Probably the best-known filibusteros were those who joined Narcisso Lopez’s Cuban insurrection in 1850-1851, and those who followed William Walker’s insurrection against Sonora, Mexico (1853-54) and against Nicaragua (1855-58). As reported by the Lawrence (KS) Republican, June 2, 1857, “Walker, the filibuster, has been forced to capitulate.”

This sense of filibuster (freebooter, revolutionist, insurrectionist) remained in use for decades and was used to describe other persons whose tactics were similar to those of the American filibusters. For example, an article in Knowledge (1887) said: “What were the Normans…but filibusters? What were the Pilgrim Fathers but filibusters?” Columbus and William the Conqueror also were called filibusters. But this sense has, for the most part, faded away as the political sense has gained use, although it isn’t clear to me that this original sense isn’t an apt description of today’s filibusters.

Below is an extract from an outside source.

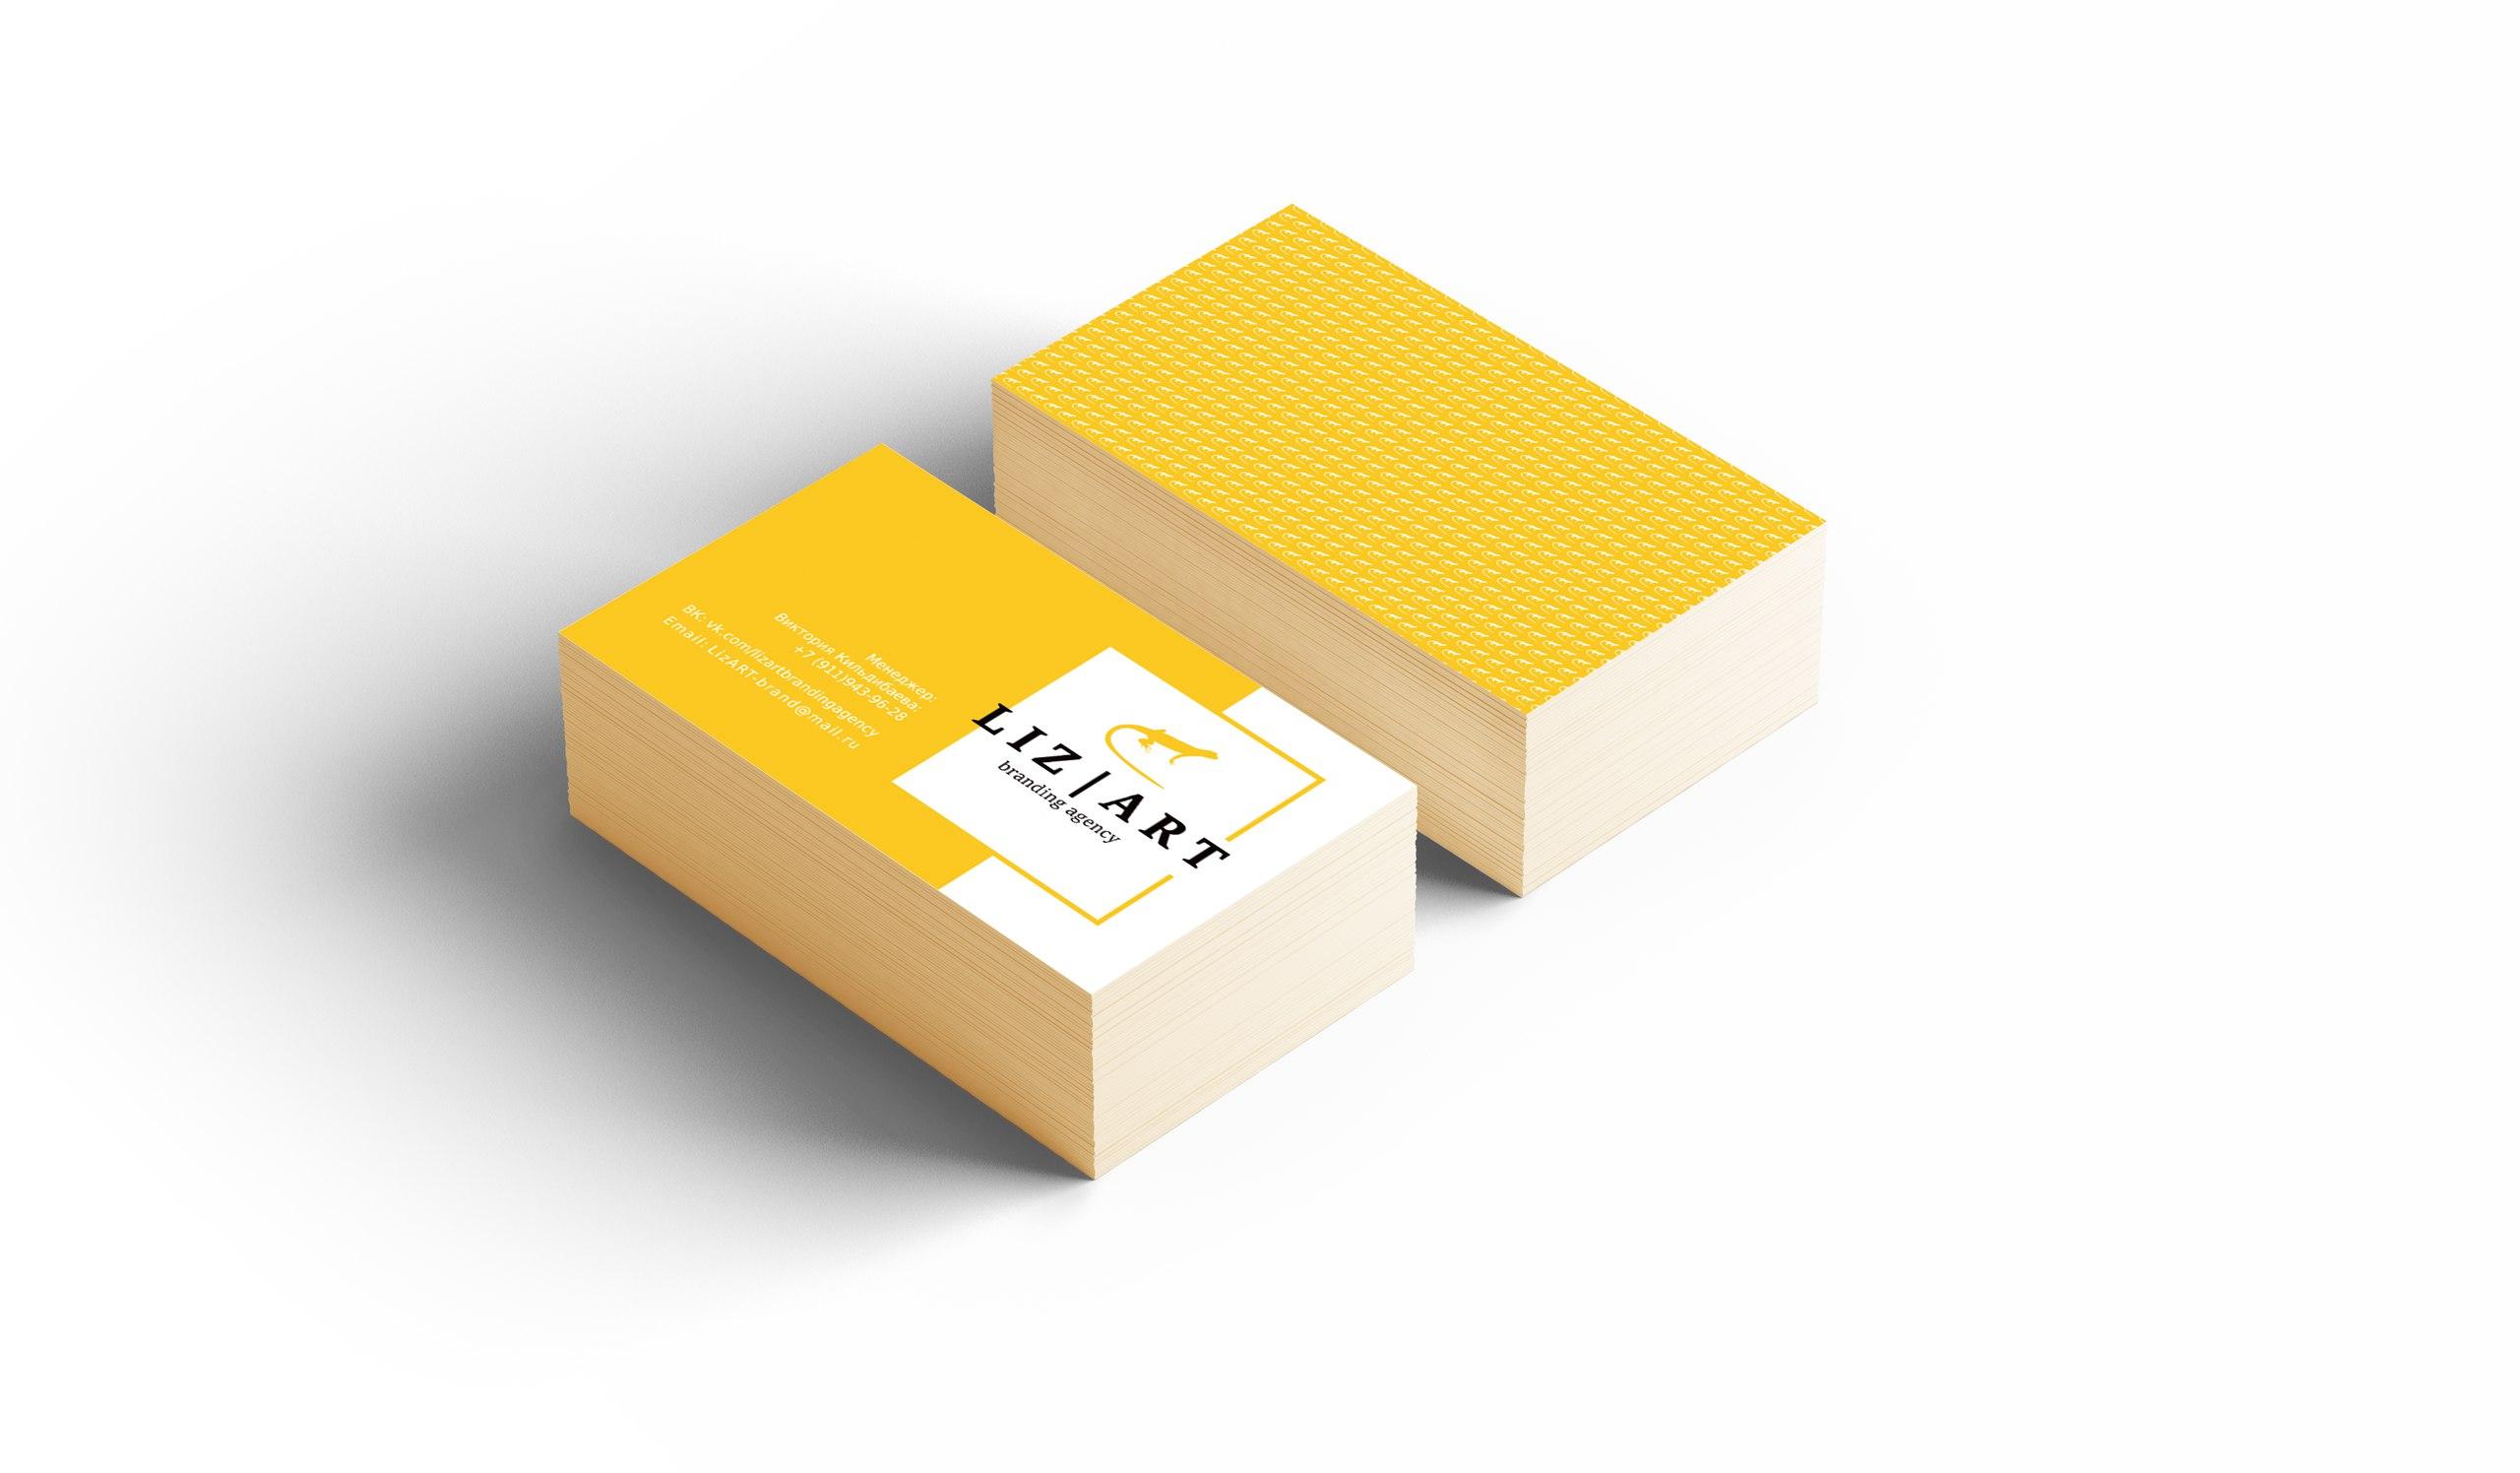 Разработка дизайна логотипа продакшена фото f_1745a786f6907b3b.jpg
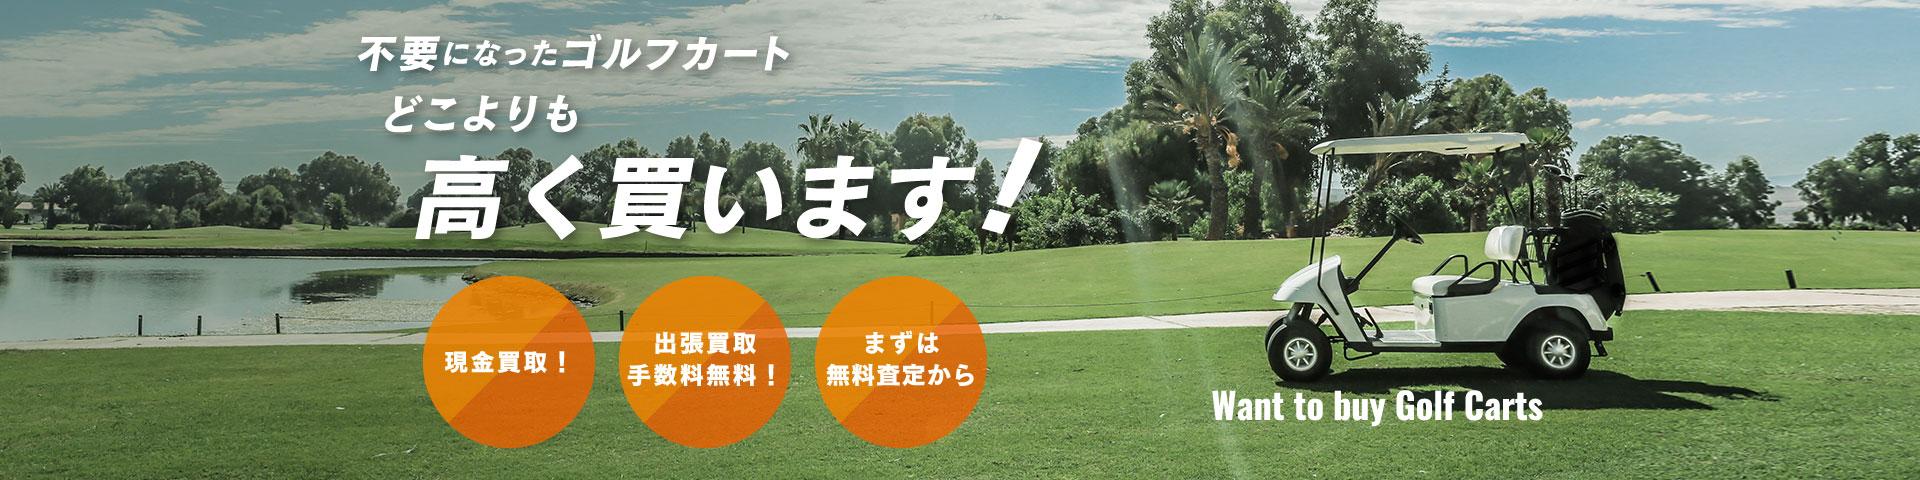 不要になったゴルフカート、どこよりも高く買います!

One of the earliest uses of filibuster in the sense we think of it today, that is, as a tactic by a member of the legislative minority to impede action by the majority, was by the Portland Oregonian (February 5, 1853): “Filibustero principles do not appear to meet with much consideration from the southern members of congress.” In 1889, the Boston Journal (January 14) noted that “The surrender of legislative functions by the majority of the House and the carrying on of business…only by a humiliating ‘trreaty’ with a single determined filibuster is something entirely anomalous in a country…governed by majority action.”

Of course, in the early days of legislative filibustering, filibusters were required to speak — Jimmy Stewart’s “Mr. Smith Goes to Washington” in real life — and garnered little sympathy when they could no longer command the floor. As the New York Times (January 31, 1915) wrote: “The Senate sits…and the overwhelmed filibusters simply cannot talk.” Two weeks later, the New York Times (February 16) reported: “The Republicans will filibuster…against the cloture rule.” How little has changed in 95 years!

This action, speaking for the sole purpose of consuming time, was the required method prior to the Senate becoming a gentlemen’s club at taxpayer and citizen expense. Now the excuse is that Senators have other important business to attend (e.g., fundraising, violating ethics, lobbying against the interests of their constituents); so why waste time listening to endless speech making? The Congressional Record of February 11, 1890, noted that “A filibuster was indulged in which lasted…for nine continuous calendar days.” Just think — 9 days of legislative peace!

But there was a spark of humor in the annals of senatorial filibustering. Consider this Chicago Times (July 22, 1947) report of a filibuster: “You’re filibustering against the wrong bill, Senator–the resolution before the Senate is for adjournment.” Now if only the American voter could filibuster, perhaps we could put an end to Washington gridlock.

One final note: I am intrigued that both the act and the actor are called filibuster. Why is the actor not called filibusterer?